Improved assimilation algorithm
SEEDS develops an advanced data assimilation algorithm (4DEnVar) to prepare the way for better exploitation of the hourly data from Sentinel 4 and improve air quality forecasts in the CAMS operational system.
SEEDS’ new data assimilation algorithm optimally integrates different models, by addressing the majority of errors causing uncertainty in air quality predictions.
- SEEDS methodology for advanced products data assimilation
- Open-source code with the 4DEnVAr algorithm for use by a wide range of researchers and scientific experts
The 4DEnVar is a hybrid algorithm that includes information from probabilistic forecasts with variational (4D-Var) and ensemble-based approaches (EnKF) to make the best out of these two different Data Assimilation (DA) schemes.
The new 4DEnVAr data assimilation algorithm combines the capacity to assimilate highly resolved temporal variability of observations and to account for the presence of multiple competing error terms including those from emission inversion models. It is able to account for various types of model errors deriving from different DA schemes, which are responsible for a significant part of the uncertainty in air quality predictions. It also allows to reduce analyses and forecast biases that are not related to emissions/deposition or derive from emissions/deposition not well constrained.

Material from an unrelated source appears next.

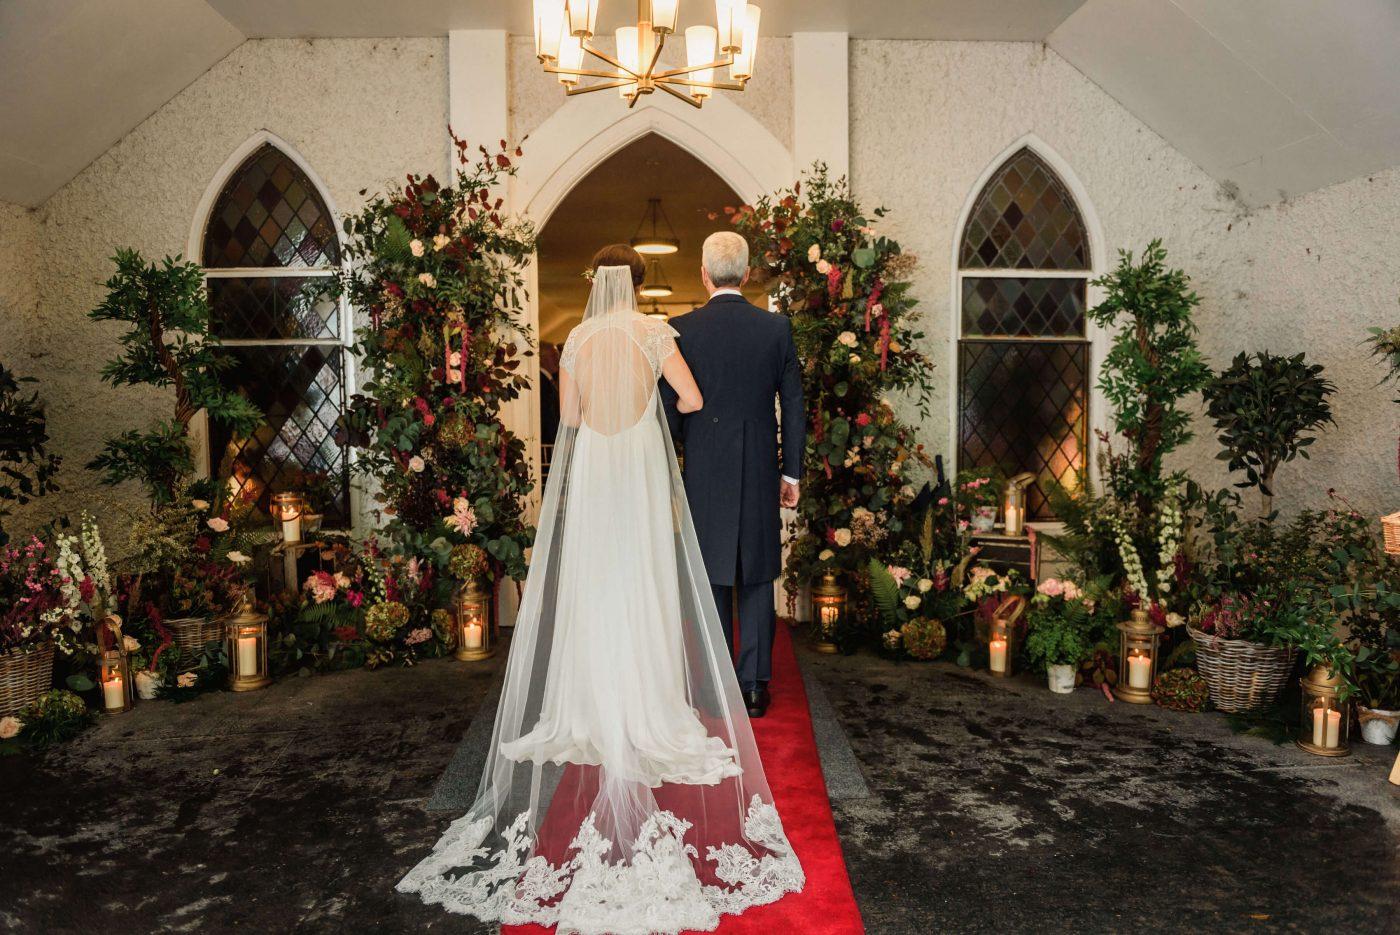 Rathsallagh House Wedding Venue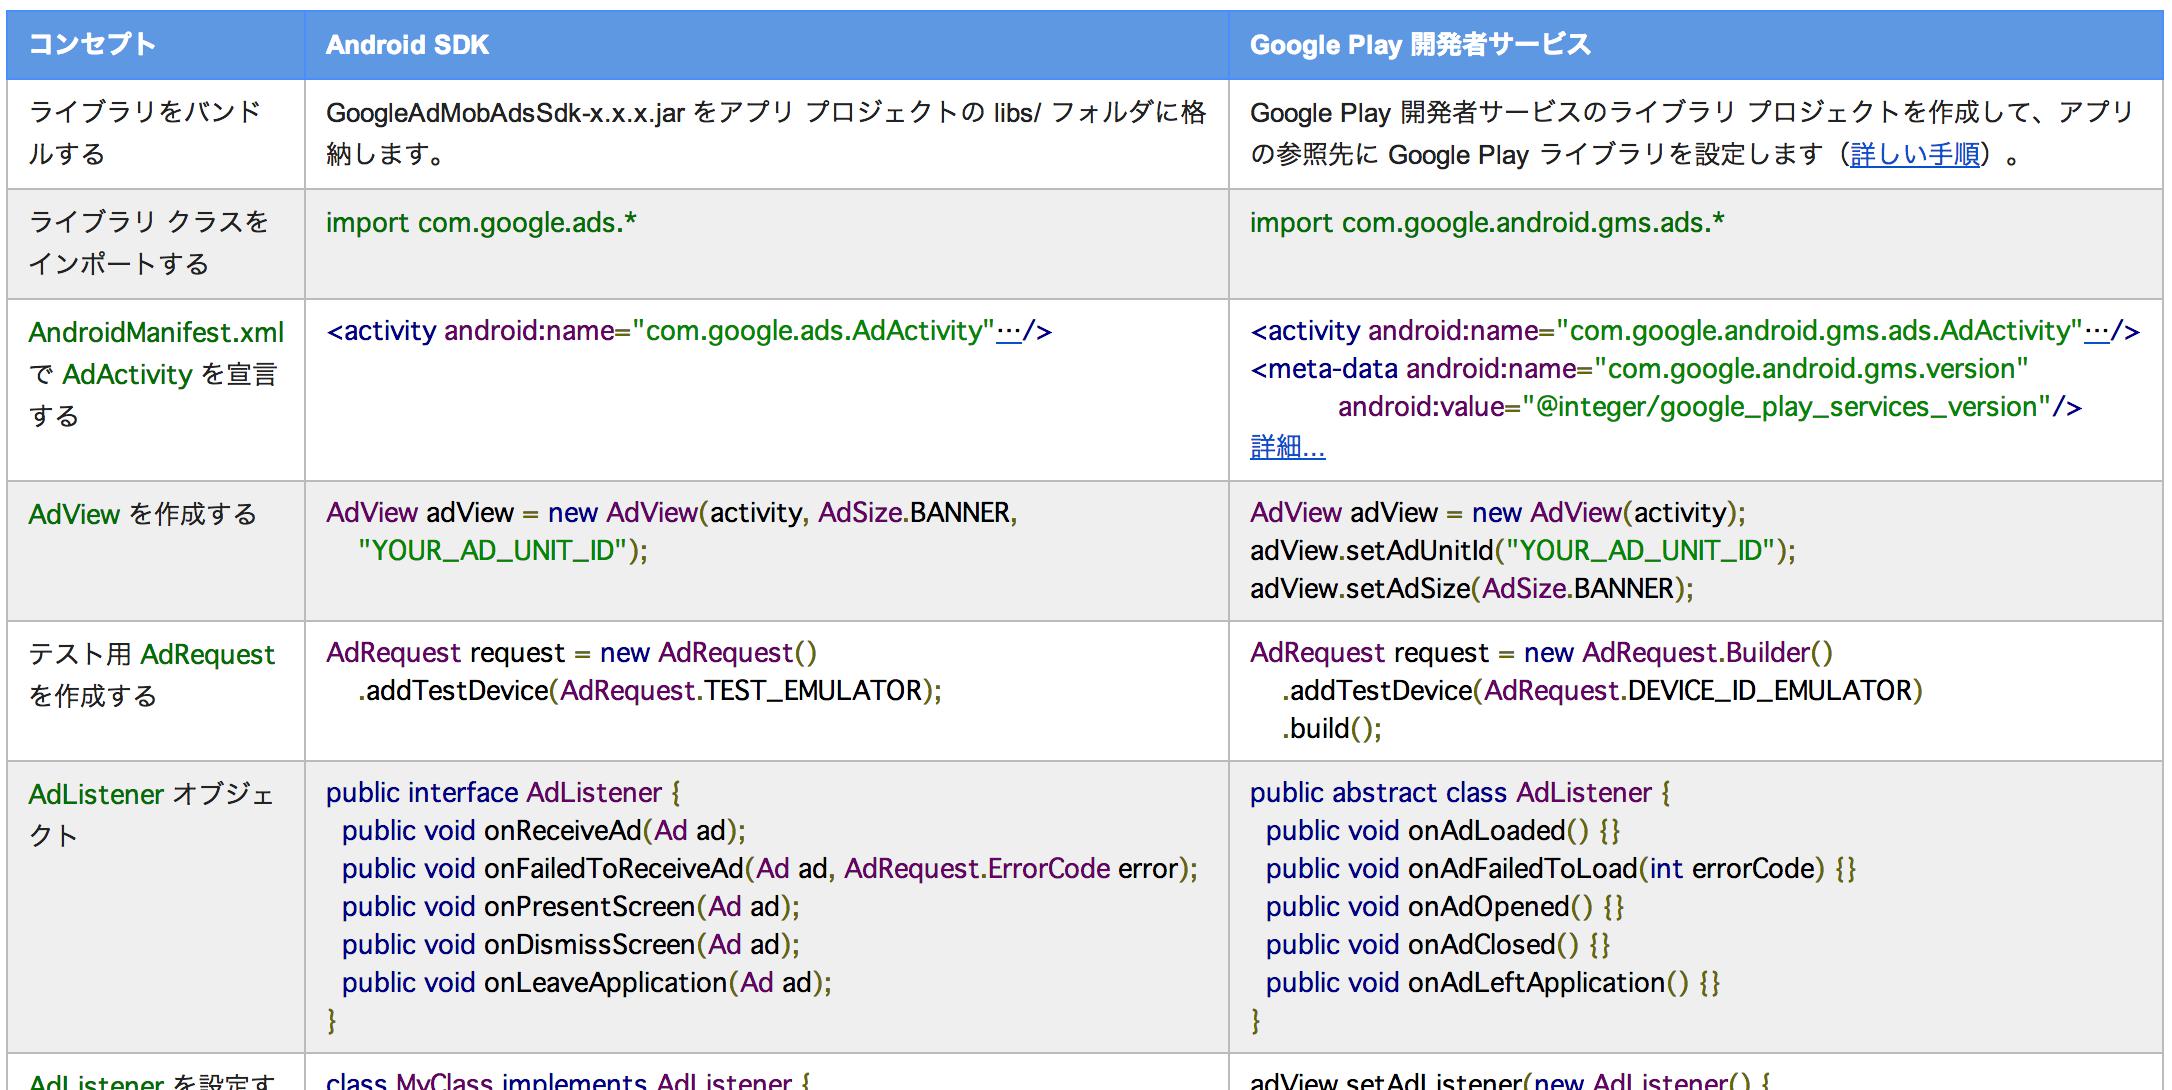 Google_Play_開発者サービスへの移行_-_Google_Mobile_Ads_SDK_—_Google_Developers

The SEEDS new assimilation algorithm is made to address and reduce model errors for next-day air-quality forecasts. It works both based on an ensemble of air-quality forecasts provided by a single perturbed model or based on a collection of different models (CAMS) to allow for extended use by the research community. It takes advantage of frequent (hourly) observations (in-situ, Sentinel4) allowing the use of daily information instead of one single observation per hour and station.